> [INFORMATION SUPPLIED]
==*==

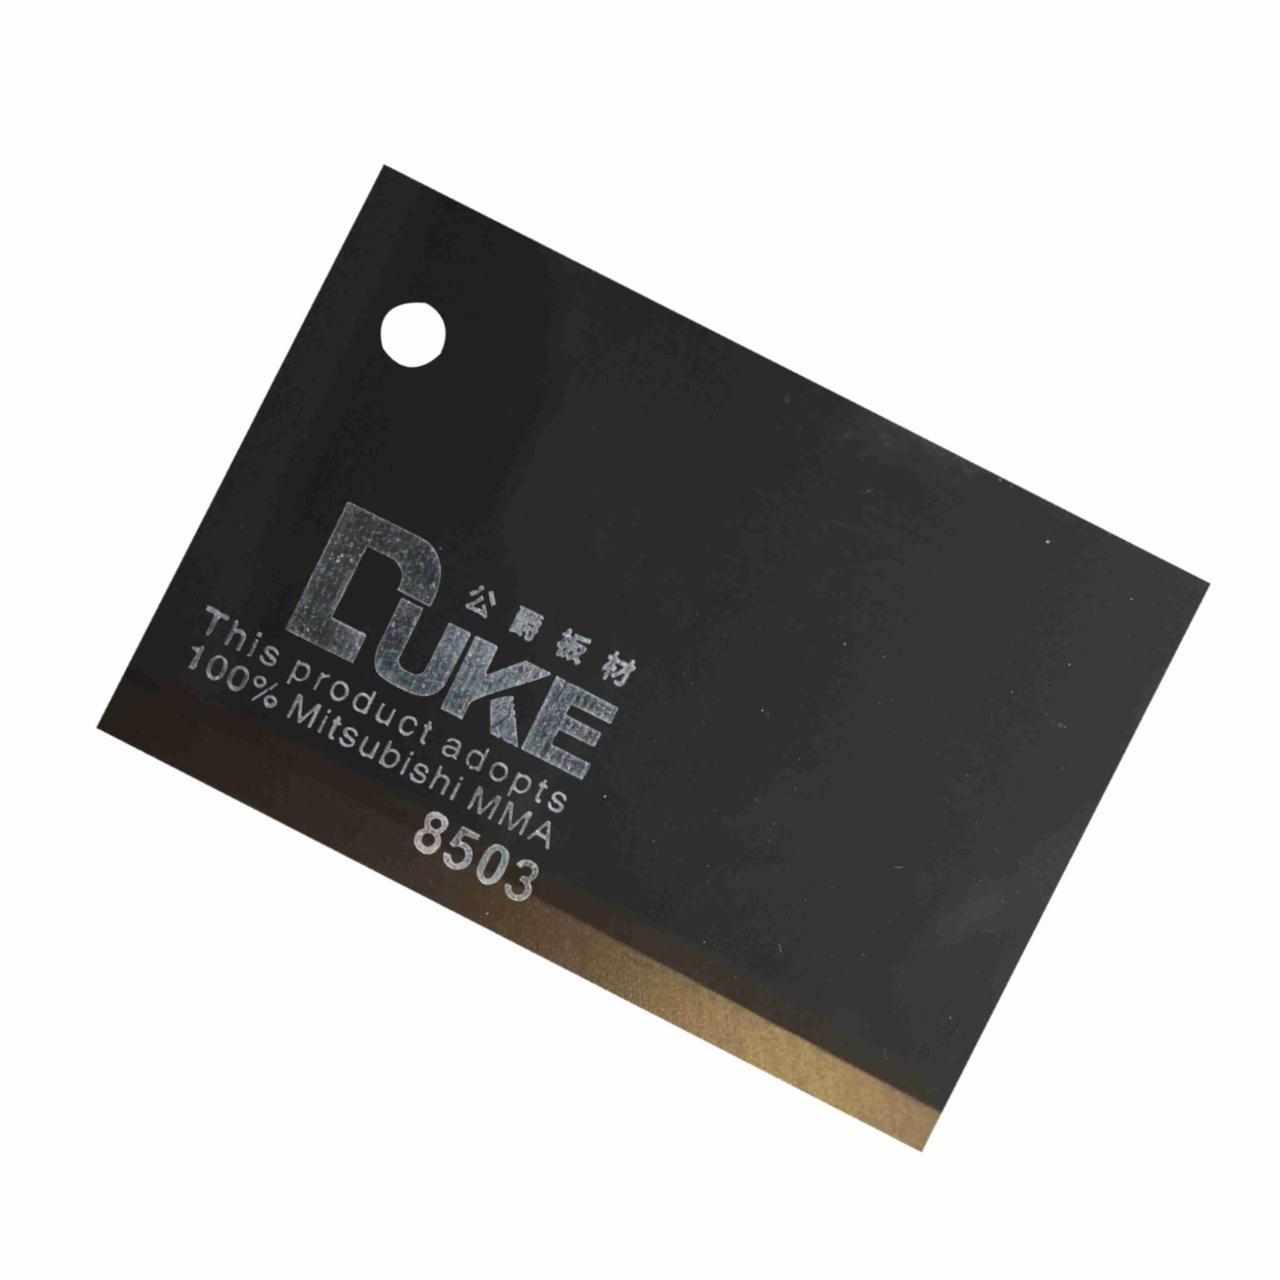 Темно-серый листовой акрил №8503 (3мм) 1,22мХ2,44м
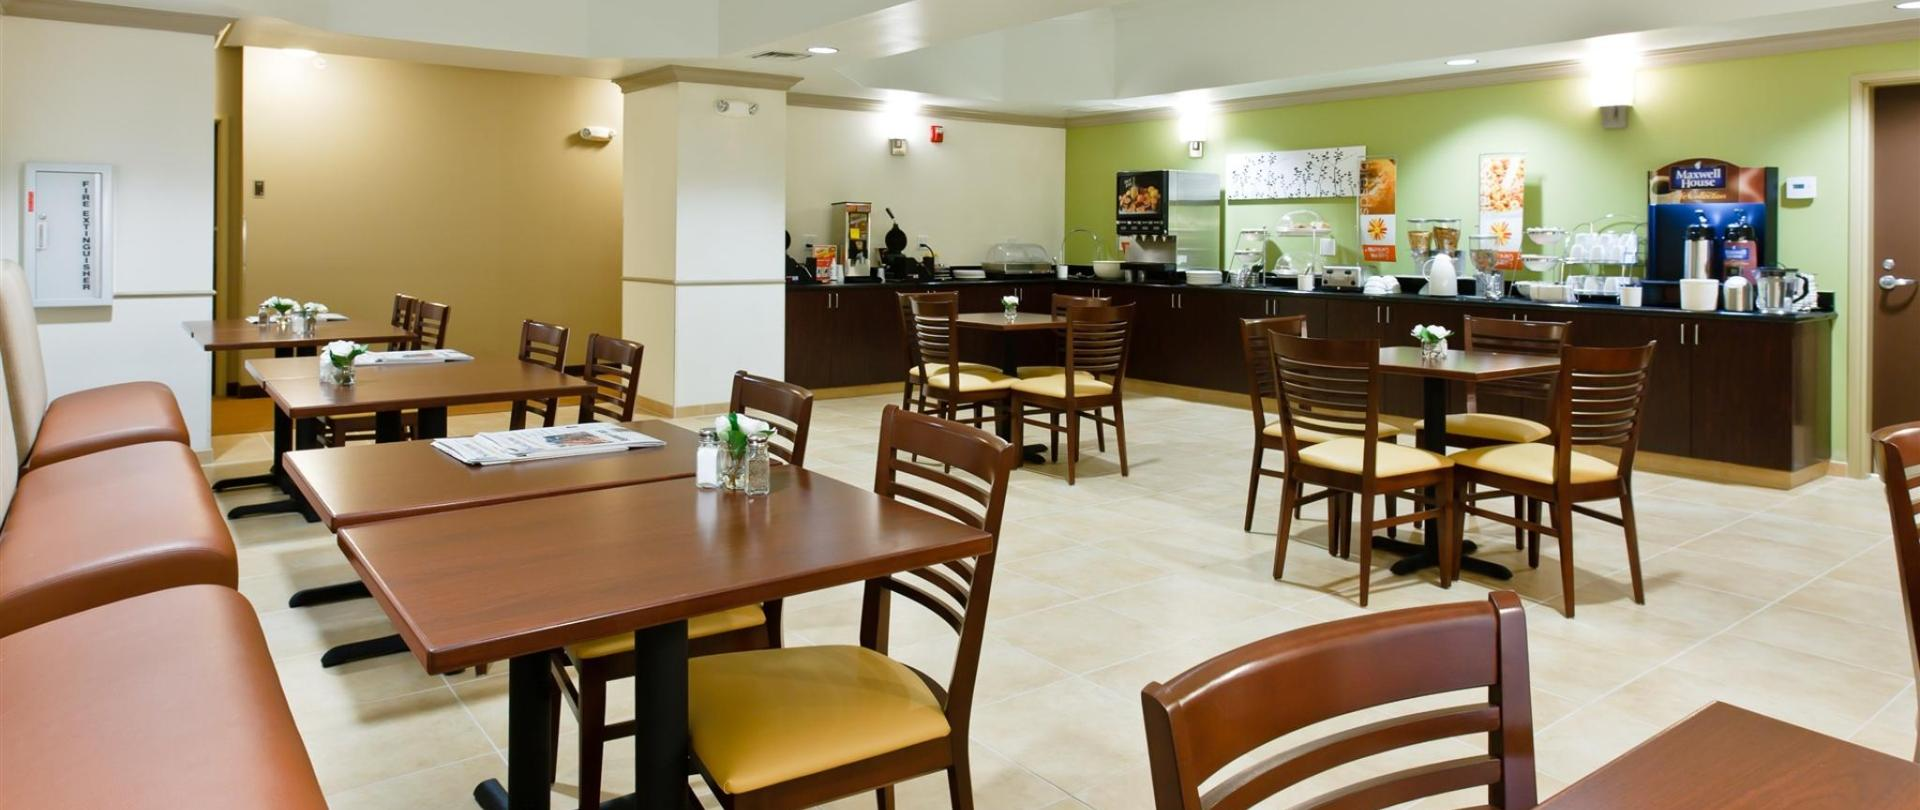 ks148-sleep-inn-breakfast-area-1.jpg
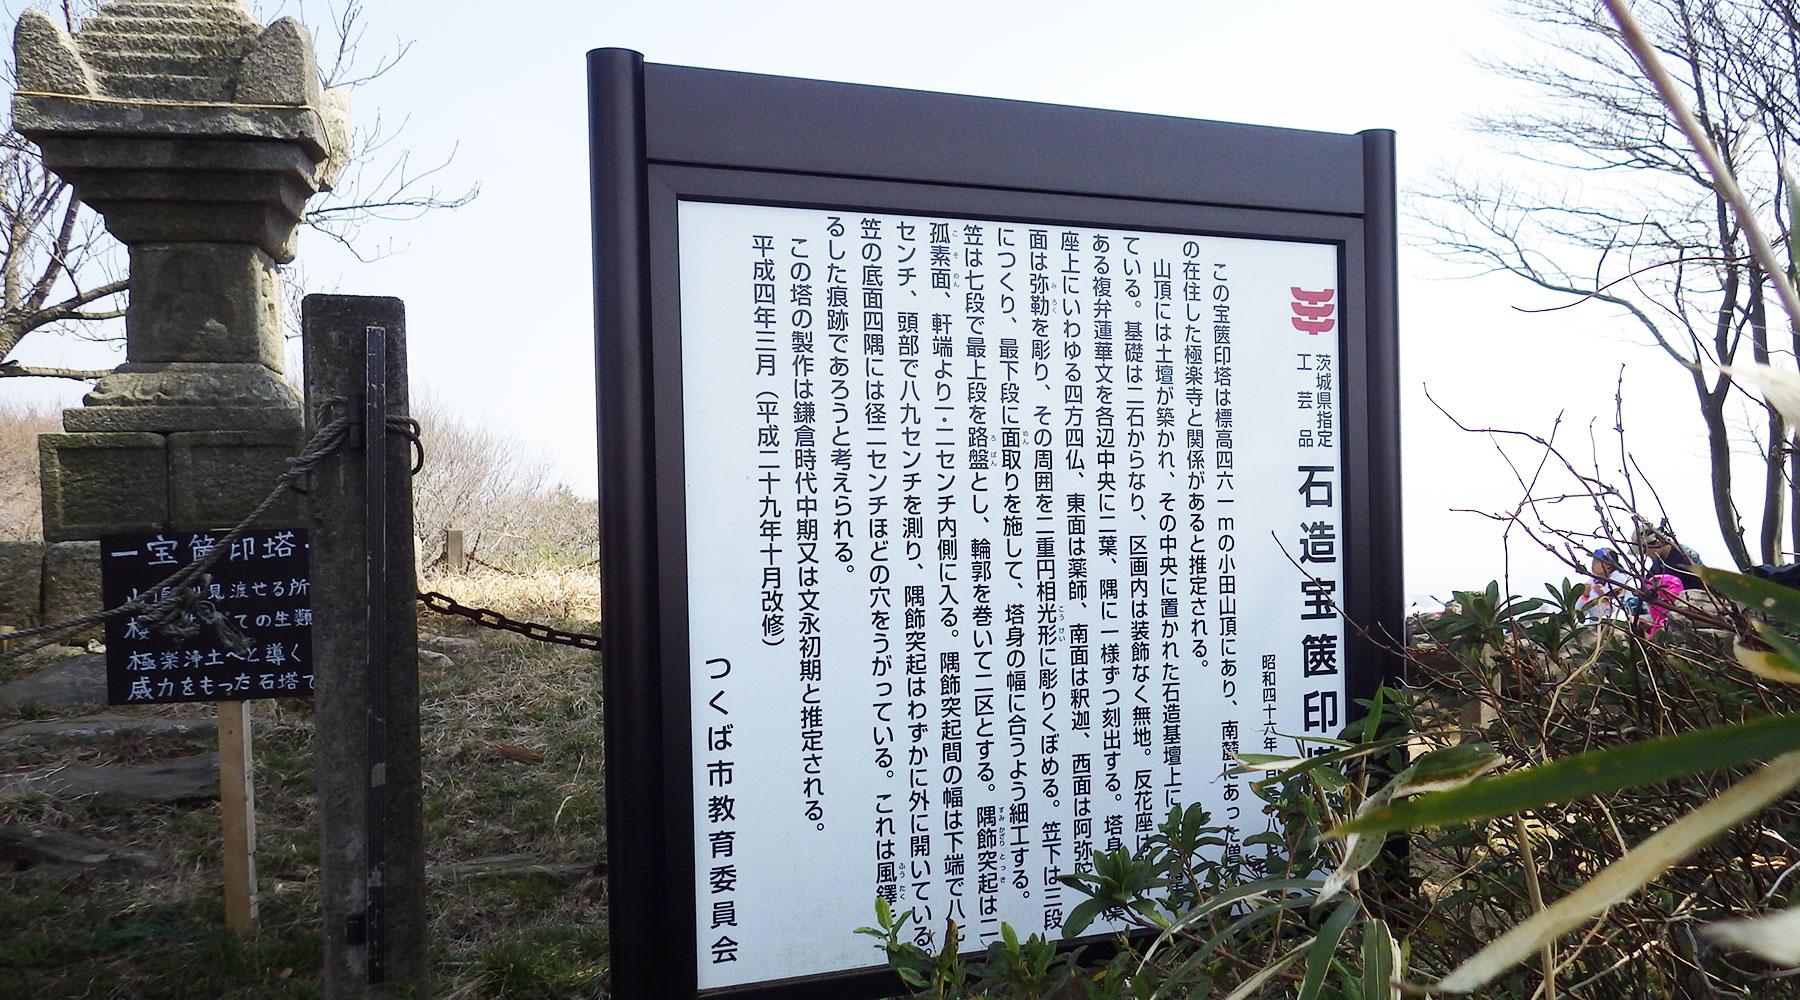 宝篋山山頂の宝篋院塔・解説文

==*==

> [WORK TO COMPLETE] Copy all of the material word for word, and include none of its pictures.

> [ANSWER BOX]
 Темно-серый листовой акрил №8503 (3мм) 1,22мХ2,44м
 ks148-sleep-inn-breakfast-area-1.jpg
 宝篋山山頂の宝篋院塔・解説文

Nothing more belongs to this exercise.